2.2. La garantie du droit d'être entendu, déduite des art. 29 al. 2 Cst. et 3 al. 2 let. c CPP, impose à l'autorité de motiver ses décisions, afin que les parties puissent les comprendre et apprécier l'opportunité de les attaquer, et que les autorités de recours soient en mesure d'exercer leur contrôle. L'autorité doit ainsi mentionner, au moins brièvement, les motifs qui l'ont guidée et sur lesquels elle a fondé sa décision, de manière à ce que l'intéressé puisse se rendre compte de la portée de celle-ci et l'attaquer en connaissance de cause. Dès lors que l'on peut discerner les motifs qui ont guidé la décision de l'autorité, le droit à une décision motivée est respecté, même si la motivation présentée est erronée (ATF 146 II 355 consid. 5.1; 141 V 557 consid. 3.2.1; arrêt du Tribunal fédéral 6B_94/2021 du 29 septembre 2021 consid. 1.1). Le droit d'être entendu peut être violé lorsque l’acte attaqué n'est pas (suffisamment) intelligible (arrêt du Tribunal fédéral 5A_328/2023 du 15 février 2024 consid. 6.2.3 in fine).

2.3. La Chambre de céans est habilitée, quand l'absence de motivation (suffisante) d'une décision l'empêche de statuer, à renvoyer d'office la cause au Ministère public (cf. notamment, ACPR/349/2024 du 8 mai 2024 consid. 2.3; ACPR/950/2023 du 7 décembre 2023 consid. 2.3, ACPR/321/2022 du 5 mai 2022 consid. 2.3; voir aussi ACPR/752/2019 du 27 septembre 2019 consid. 2).

2.4. En l'espèce, la décision querellée ne motive pas le refus de levée des séquestres.

Si le Procureur fait allusion, dans cette décision, à des actes d'instruction qu'il compte entreprendre, afin semble-t-il de déterminer la qualité de lésée de la partie plaignante, question somme toute exorbitante au maintien des séquestres, il n’explique point pourquoi les éléments du dossier justifieraient, plus de trois ans après leur prononcé, le maintien des séquestres en cause.

Ainsi, faute de motivation suffisante de l'acte attaqué sur la réalisation des conditions des art. 197 et 263 CPP et d'explications ultérieures, la Chambre de céans – qui n’a pas à rechercher d’elle-même ce qu’il en est (cf. à cet égard l'arrêt ACPR/321/2022 précité) – ne peut exercer son contrôle.
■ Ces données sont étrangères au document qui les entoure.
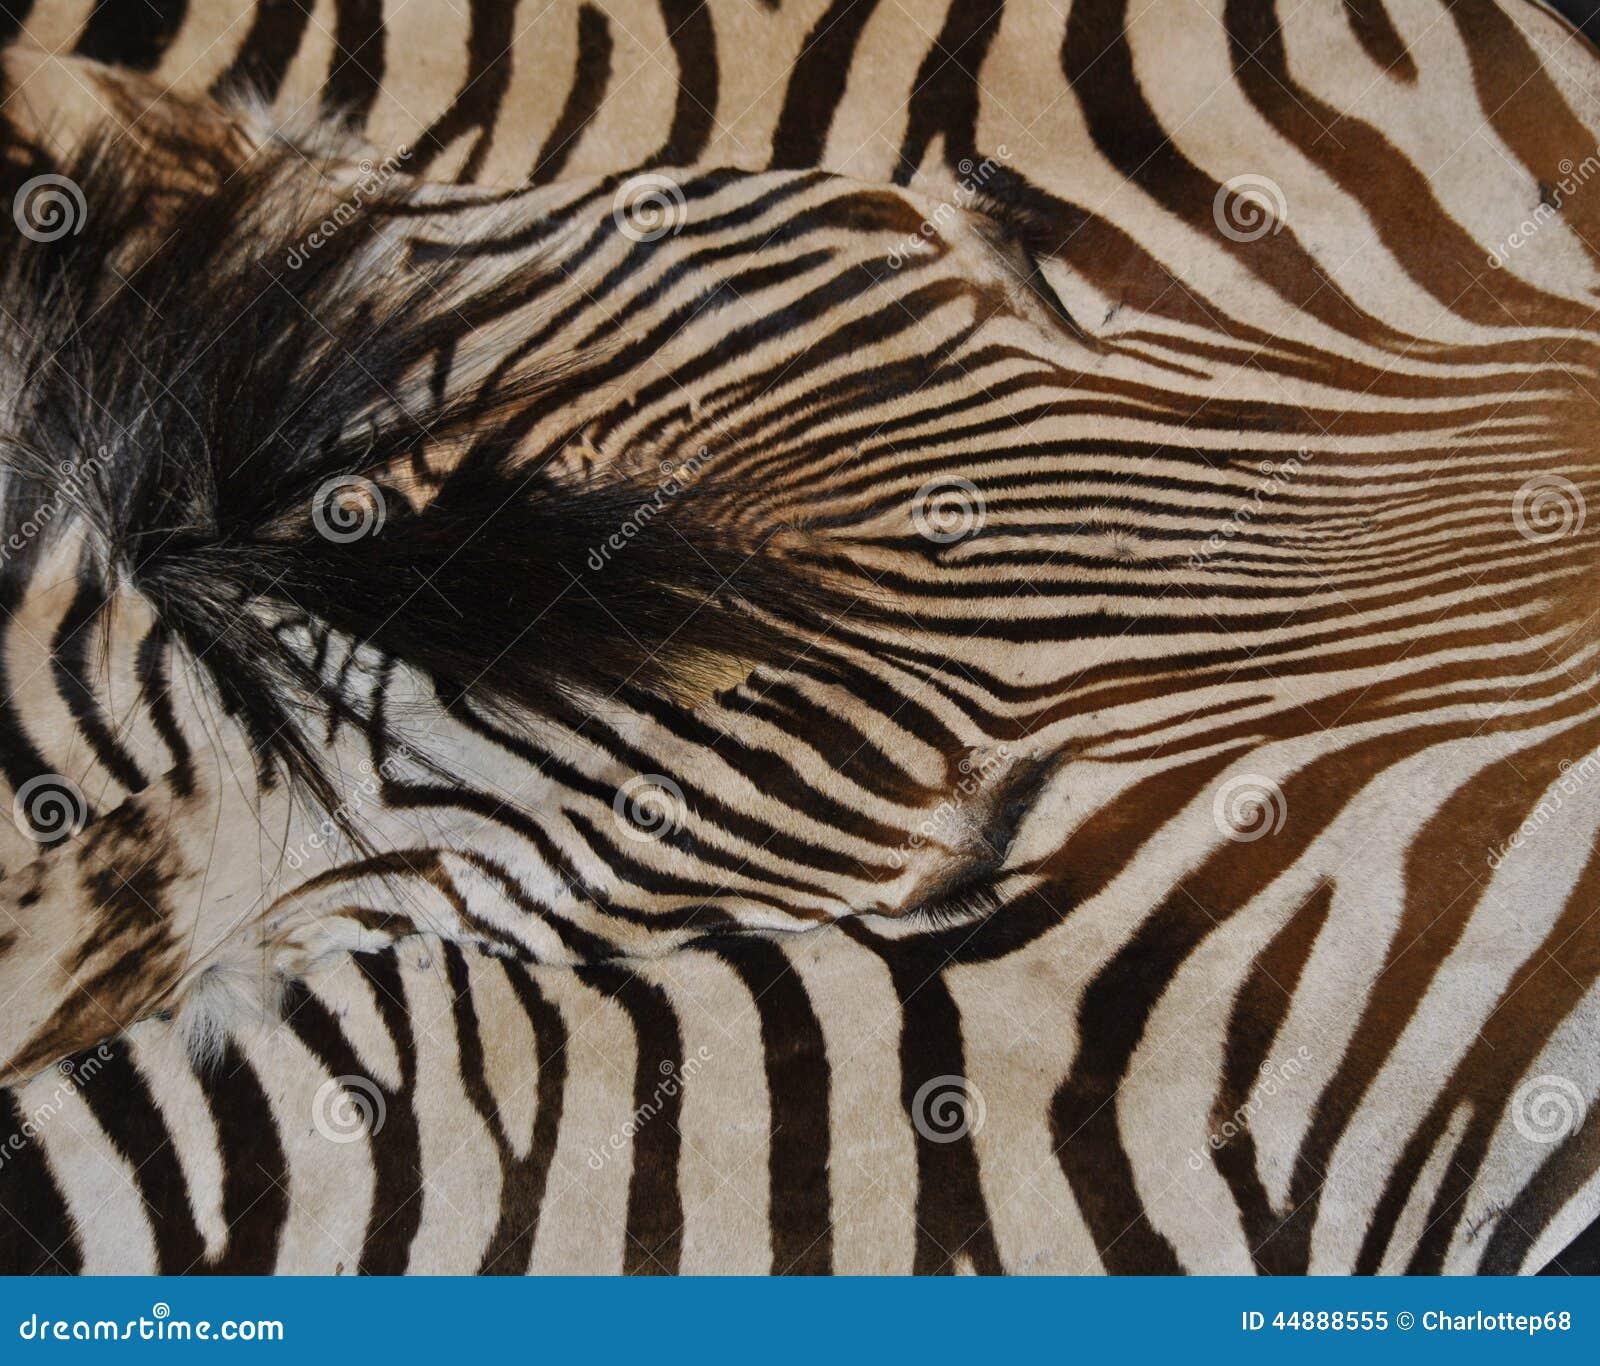 Zebra Pattern Horse Rug: Zebra Print Stock Image. Image Of Striped, Pattern, Unique

3. Fondé, le recours doit être admis. Partant, l'ordonnance querellée sera annulée et la cause renvoyée au Ministère public pour nouvelle décision (art. 397 al. 2 CPP).

Compte tenu de la nature procédurale du vice constaté, il n'était pas nécessaire d'inviter préalablement le Ministère public à se prononcer, la Chambre de céans n'ayant pas traité la cause sur le fond, ni préjugé de l’issue du litige (cf. par analogie arrêt du Tribunal fédéral 7B_271/2023 du 1er février 2024 consid. 4.1 et les références citées, notamment ATF 133 IV 293 consid. 3.4.2).

4. L'admission du recours ne donne pas lieu à la perception de frais (art. 428 al. 1 CPP).

5. L'indemnité du défenseur d'office des recourants sera fixée à la fin de la procédure (art. 135 al. 2 CPP).

* * * * *


 

PAR CES MOTIFS,
LA COUR :


Admet le recours et annule la décision du 5 août 2024 du Ministère public.

Renvoie la cause au Ministère public pour nouvelle décision au sens des considérants.

Laisse les frais de la procédure de recours à la charge de l'État.

Notifie le présent arrêt, en copie, à A______ et B______, soit pour eux leur conseil, ainsi qu'au Ministère public.

Siégeant :

Madame Corinne CHAPPUIS BUGNON, présidente; Mesdames Valérie LAUBER et Françoise SAILLEN AGAD, juges; Monsieur Julien CASEYS, greffier.

 

Le greffier :

Julien CASEYS

 

La Présidente :

Corinne CHAPPUIS BUGNON

 

 

 

 

 

 

 

 

 

 

 

 

 

 

 

 

 

 

Voie de recours :

 

Le Tribunal fédéral connaît, comme juridiction ordinaire de recours, des recours en matière pénale au sens de l'art. 78 de la loi sur le Tribunal fédéral du 17 juin 2005 (LTF; RS 173.110); la qualité et les autres conditions pour interjeter recours sont déterminées par les art. 78 à 81 et 90 ss LTF. Le recours doit être formé dans les trente jours qui suivent la notification de l'expédition complète de l'arrêt attaqué.

 

Le recours doit être adressé au Tribunal fédéral, 1000 Lausanne 14. Les mémoires doivent être remis au plus tard le dernier jour du délai, soit au Tribunal fédéral soit, à l'attention de ce dernier, à La Poste Suisse ou à une représentation diplomatique ou consulaire suisse (art. 48 al. 1 LTF).